8. Control structures

Control structures such as if, else, elsif, unless are fundamental to almost any programming language and the primary way to introduce logic in a program and control the path of execution. That said, most other programming languages lack the unless and elsif keywords. (Many languages have the equivalent of the elsif, but with less elegant spelling, such as elseif or even else if.)

if has already been introduced and you have had plenty of exercises involving its use already.
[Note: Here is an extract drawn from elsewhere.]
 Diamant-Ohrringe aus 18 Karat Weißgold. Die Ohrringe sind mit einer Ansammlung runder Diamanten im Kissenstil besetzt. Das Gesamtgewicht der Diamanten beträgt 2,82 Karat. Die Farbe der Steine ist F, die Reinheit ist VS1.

But it is not always easy to write tests that capture precisely what you want,  and sometimes you want to do something only if a test fails (that is, whatever you put after if was false). This is where else and elsif comes in handy.

Other useful functions for changing the flow of your program are next, which will skip the rest of the current iteration of a loop and move to the next item in the list, and last, which will skip the rest of the current iteration of the loop and also skip the rest of the items in the list.
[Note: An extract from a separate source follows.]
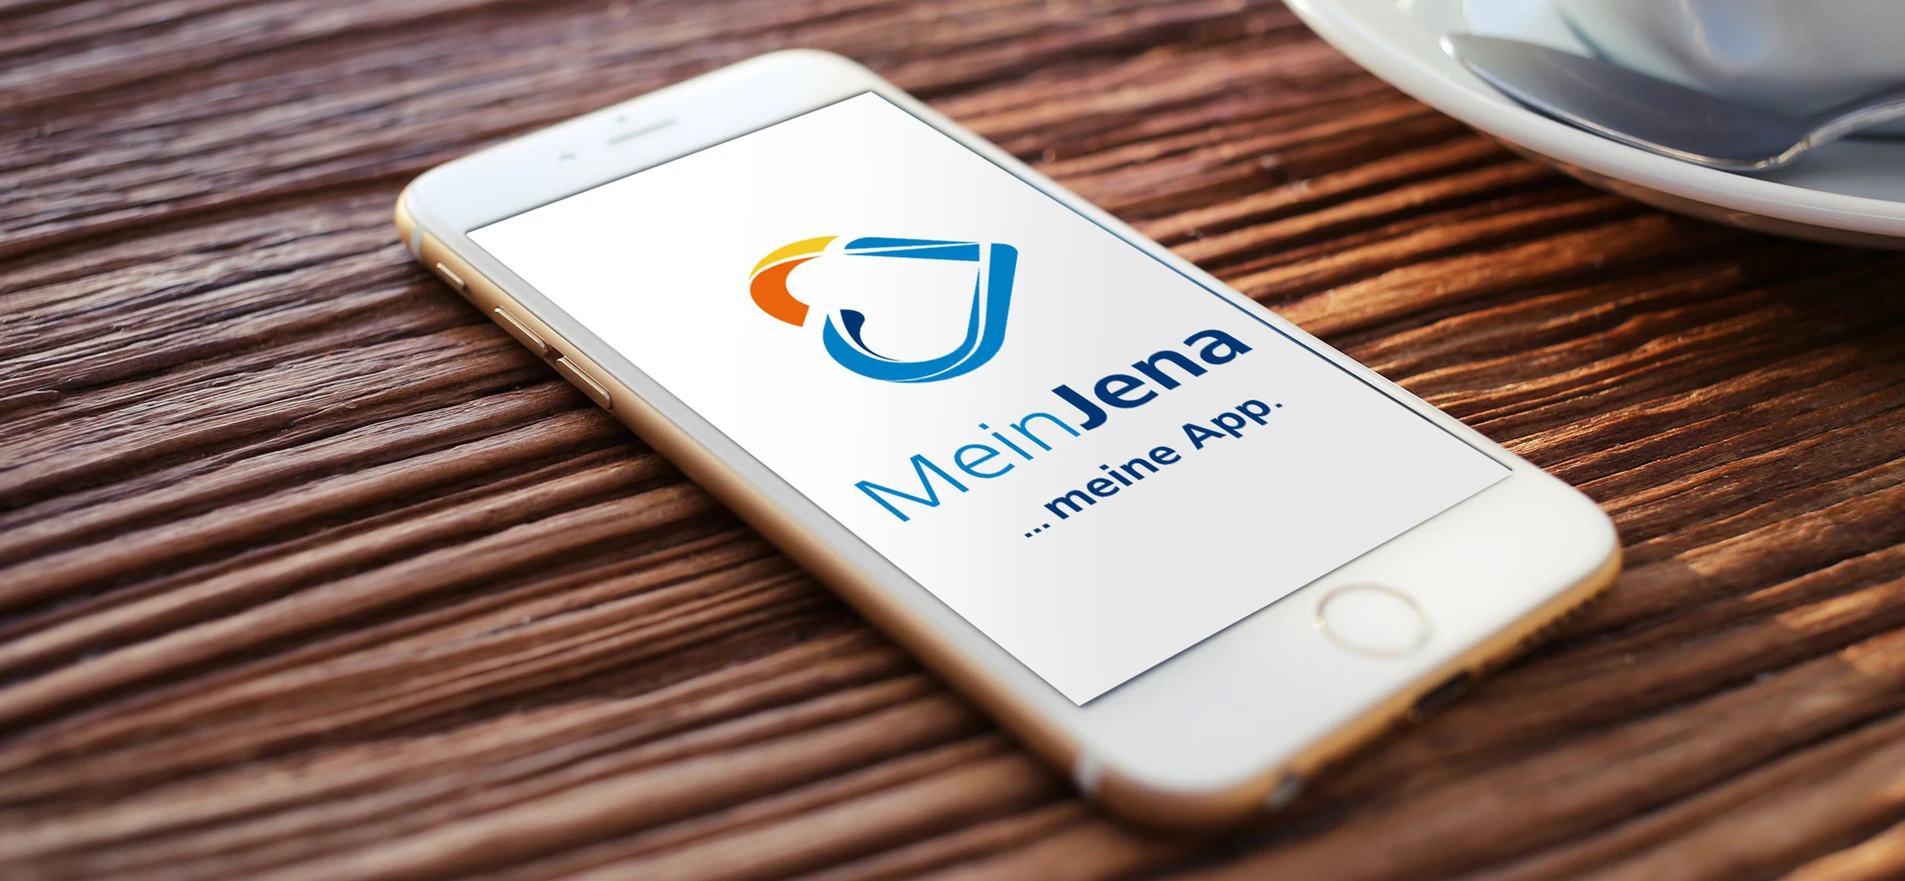 MeinJena – kartinka realisiert Wort-/Bildmarke und Markteinführungskampagne für die neue App

An example could be as the code below. Try it out and see if it does what you expected!

For this exercise we will be filtering the file snp_data.vcf. To write the code you will want to know what the file looks like. A quick open with less -S snp_data.vcf will most likely not give the best overview. The headers and the data lines are too long and out of sync. A better way is to open the file in Excel or some other spreadsheet program, but then you will have to first rename it to snp_data.txt and tell Excel to split the rows on tabs. And you will have to leave your new favorite environment, the terminal window. An even better way is to open the file with perl and print out the contents of the file so that you actually can make sense of the contents.

Exercise 1.

  1. Write a program that opens the file snp_data.vcf and prints out each line in the file.
  2. That was not much better than less, perhaps even worse. What we really want is the header of each column and the values on a row so that we can see what kind of value each column contains. Lets start with printing only the line with column headers (that’s the last comment line). Find the characteristics that makes it special and modify your program to print only that line.
  3. The line is still too long for most terminal windows, so now modify your program to print each column header on a separate row. (Hint: It will be useful to have the headers in an array later)
  4. That’s better! Now we can see what columns we have, but there is an awful lot of samples. Limit the program to only print the first two sample headers and all that is before these. (Hint: What makes the sample headers special, and how can you use that to limit what elements you print?)
  5. Now the output is starting to become manageable, so this is a good time to start adding some example data also. Modify your program to print the corresponding columns of the first row of data, on the same row as each of the headers. To avoid printing all lines in the file, you will somehow have to get out of the loop reading the file after reading the first data line. (Hint: With for you can loop over two arrays in parallel)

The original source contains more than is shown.